This approach avoids the need for costly separate supply chains and is already used in key sustainability initiatives. It’s one of several chain-of-custody models, others include segregation and certificate trading, and is a practical, credible way to build more sustainable supply chains at scale.
Why Does Mass Balance Matter?
Mass balance might sound like accounting jargon, but it has real benefits for sustainability, traceability, and business compliance. Here’s why it matters:
Scalability: It allows companies to gradually increase the share of sustainable materials without costly infrastructure changes, accelerating the shift to greener products.
Traceability: Even when materials mix, companies must record every input and output, ensuring transparent supply chains.
Compliance: Many regulations (like the EU RED II) require mass balance for biofuels and other sustainable products.
Efficiency: Companies can integrate greener materials into existing processes, making it easier to decarbonise complex industries.
Credible Claims: When audited and certified, mass balance allows companies to make honest, data-backed sustainability claims, avoiding greenwashing.
In summary, mass balance matters because it makes sustainability feasible at scale. It provides a trustworthy system to integrate greener materials into supply chains that weren’t built for them, all while meeting compliance needs and being transparent about it.

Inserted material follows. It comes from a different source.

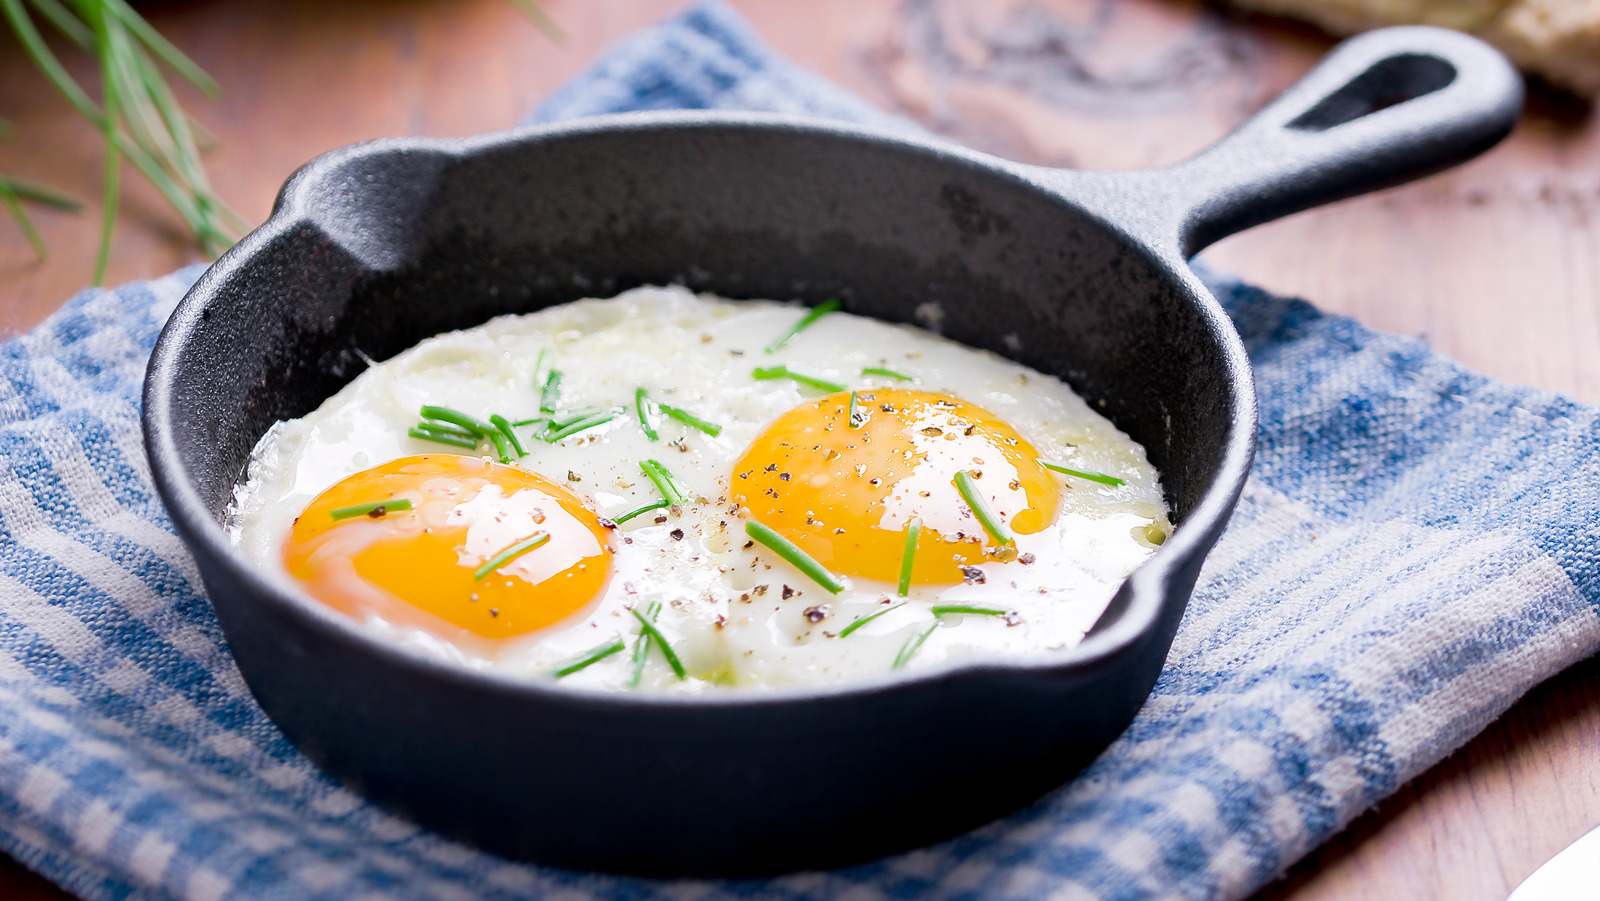 https://www.tastingtable.com/img/gallery/fry-eggs-in-this-unexpected-liquid-for-richer-mornings/l-intro-1662666706.jpg

How Does Mass Balance Work in Practice?
The core idea of mass balance application is bookkeeping: for a given factory or supply chain, keep a record of sustainable inputs and make sure you don’t allocate more “sustainable output” than you put in. Here’s a high-level look at the process:
Mass balance example: Consider a factory that uses a mix of 30% certified sustainable feedstock and 70% conventional feedstock in its production. All the material gets mixed together in the process. Through the mass balance approach, the operator assigns that 30% sustainable portion to the outputs in an equivalent way.
In practice, this could be done in two ways:
They might label every product as 30% sustainable content, or;
They could certify a certain subset of the output as 100% sustainable (up to that same 30% of total volume) and the rest as 0%.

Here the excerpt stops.